El amor puede estar acompañado de sentimientos, incluso los sentimientos favorecen sus expresiones, pero no es fundamental. Lo básico del amor es dar vida a la persona amada Por eso Dios ha mostrado su amor al hombre entregando a su Hijo, y éste ha mostrado a su vez su amor entregándose a la muerte por todos nosotros. Mostramos nuestro amor a Dios y al prójimo con nuestra entrega por el bien concreto del prójimo.

Amar al prójimo es amar a todo hombre necesitado.  Prójimo significa cercano.  Entre los judíos se discutían quién era el cercano y en un largo proceso fueron ampliando el círculo de “cercanos”: primero el familiar, después el connacional que comparte la misma religión, después el forastero... respecto al enemigo se le puede ayudar, pero no entra en el círculo de los cercanos. Para Jesús incluso el enemigo es prójimo.

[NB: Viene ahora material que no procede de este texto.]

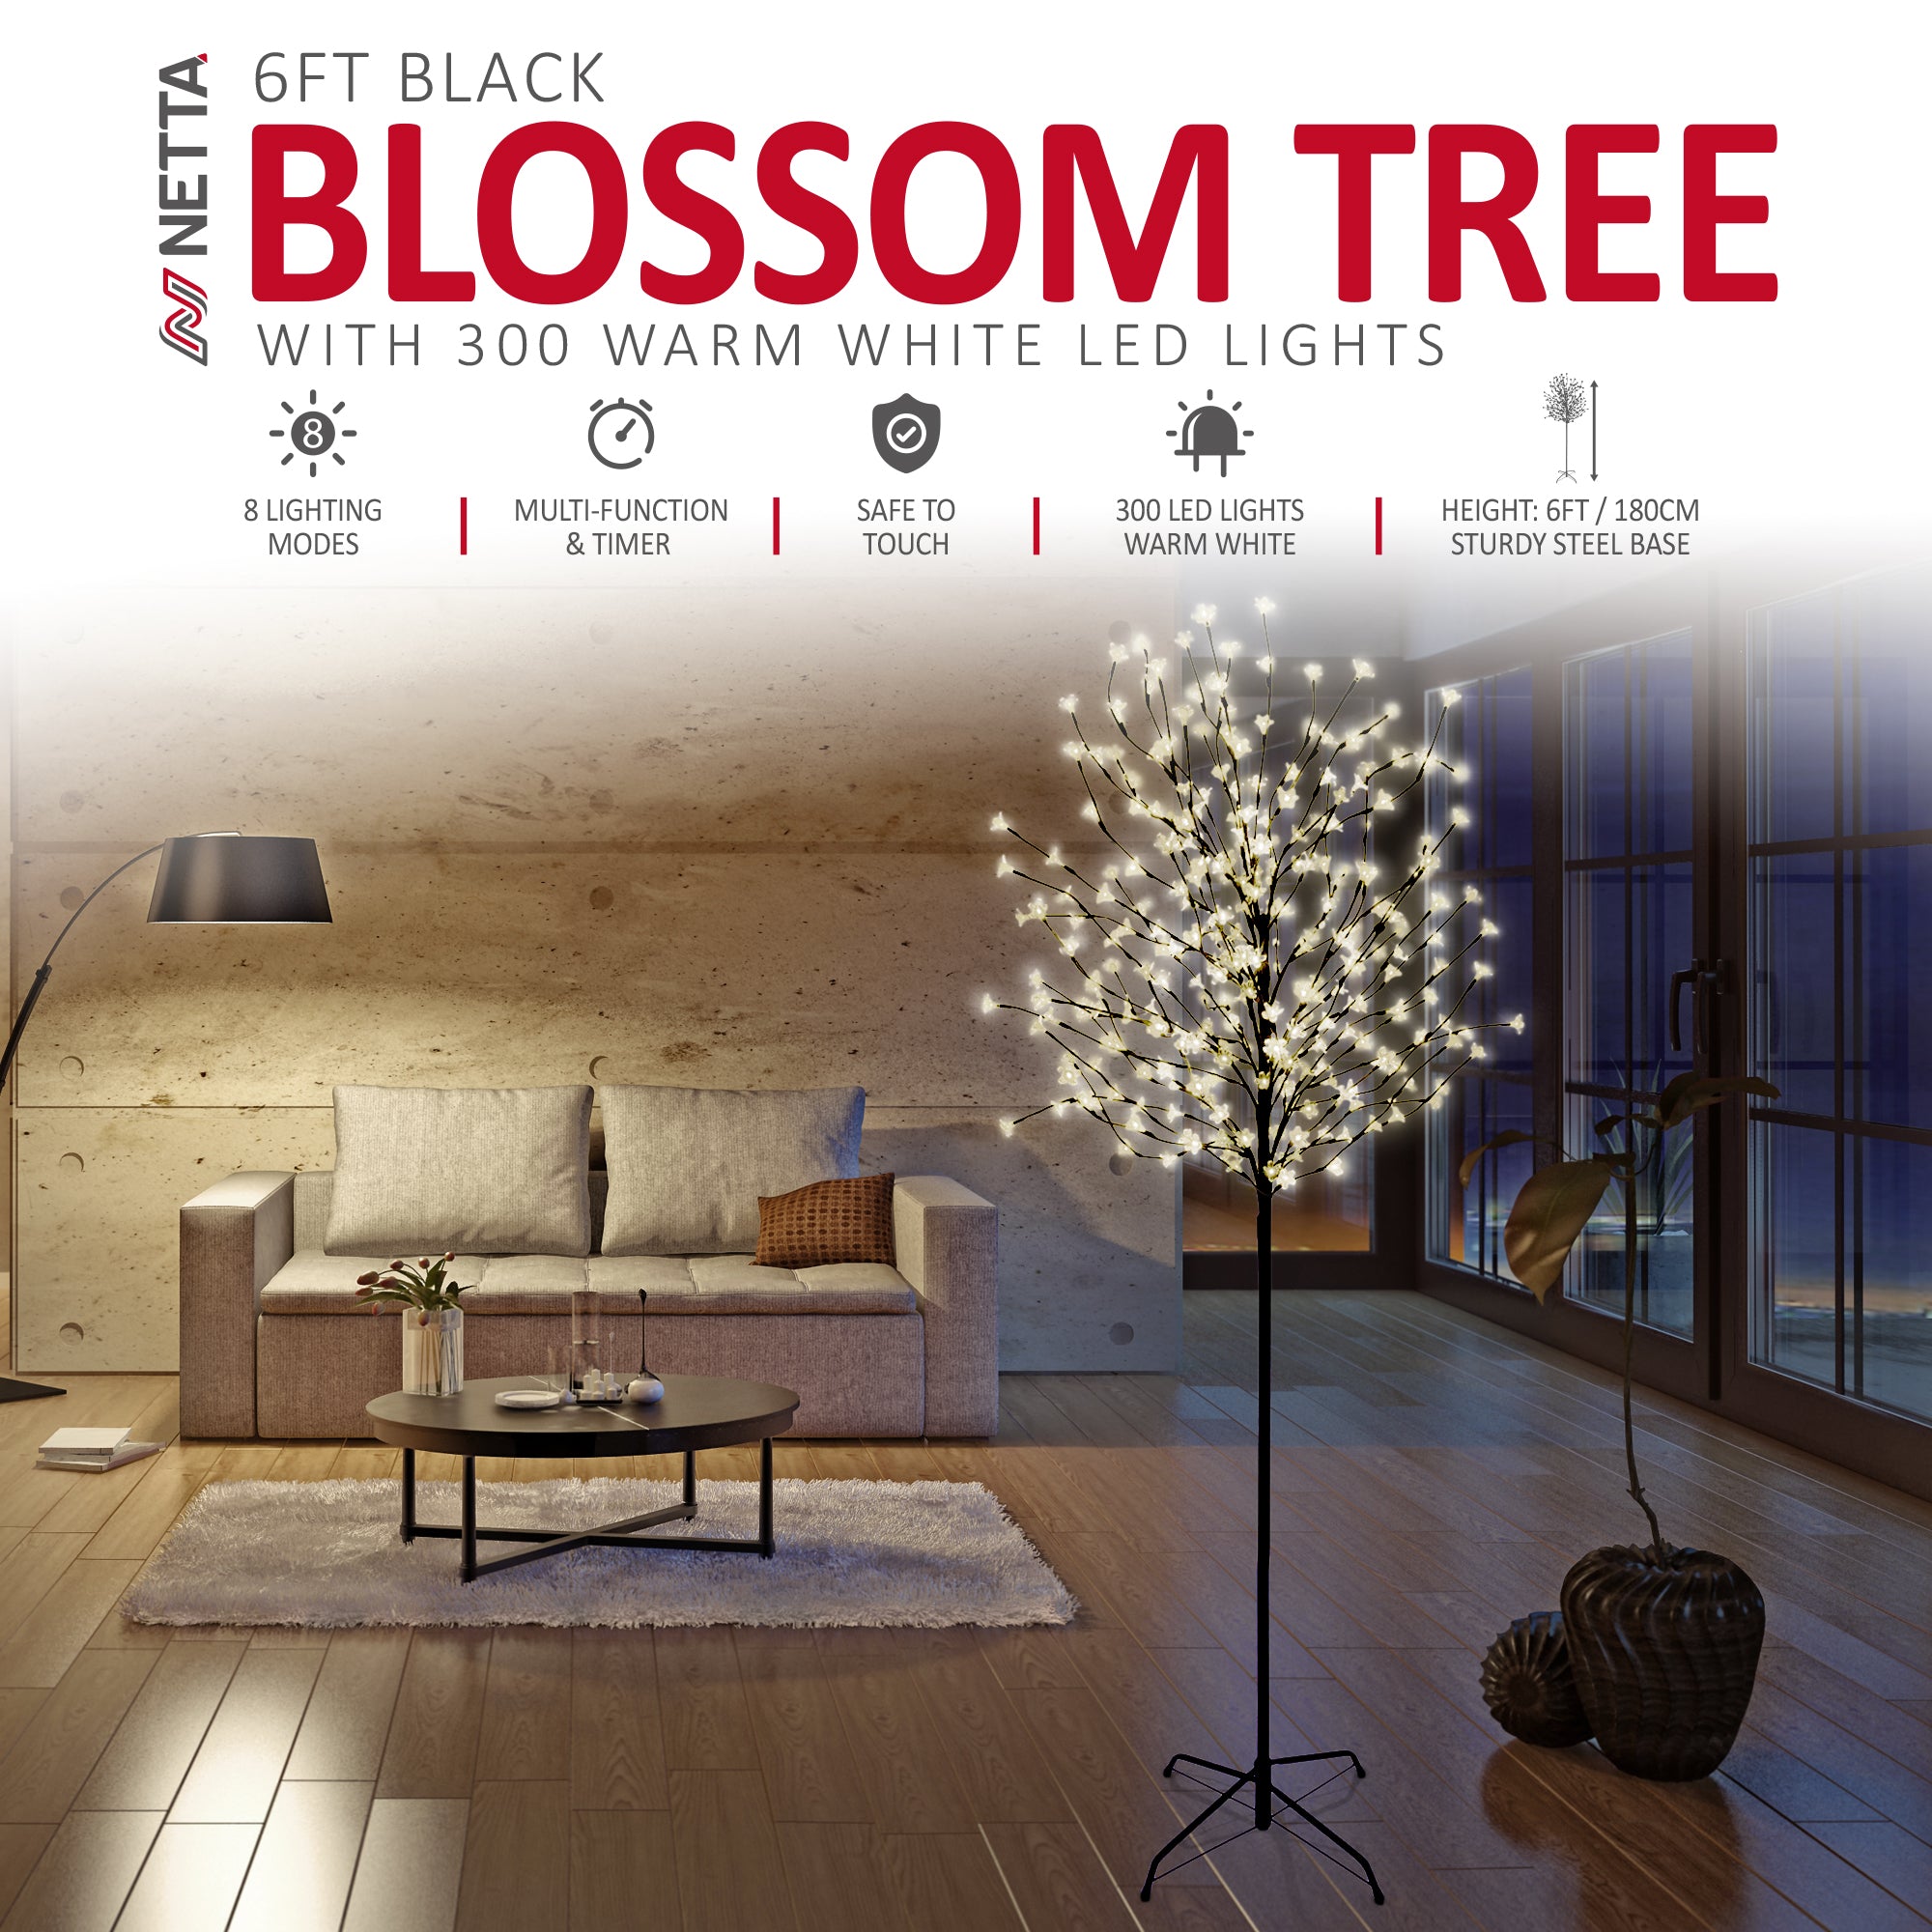 NETTA 6FT LED Cherry Blossom Tree, Pre-Lit 300 Lights, Auto-Off Timer and 8 Lighting Modes, 3M Power Cable, Suitable for Indoor and Outdoor Use - Warm White

Todos son hijos de Dios y por ello todos son cercanos, pero especialmente el necesitado, que ha caído en manos de ladrones y anda marginado por los caminos del mundo (Lc 10,33).

      Celebrar la Eucaristía es celebrar el amor que nos tiene el Padre, que nos entrega su Hijo; el amor que nos tiene el Hijo, que se entrega por nosotros; y el amor que debe tener la comunidad cristiana que se entrega a todo tipo de prójimos. Los cristianos damos gracias por lo que hacemos y pedimos fuerza para seguir haciendo de nuestra vida un sacrificio existencial.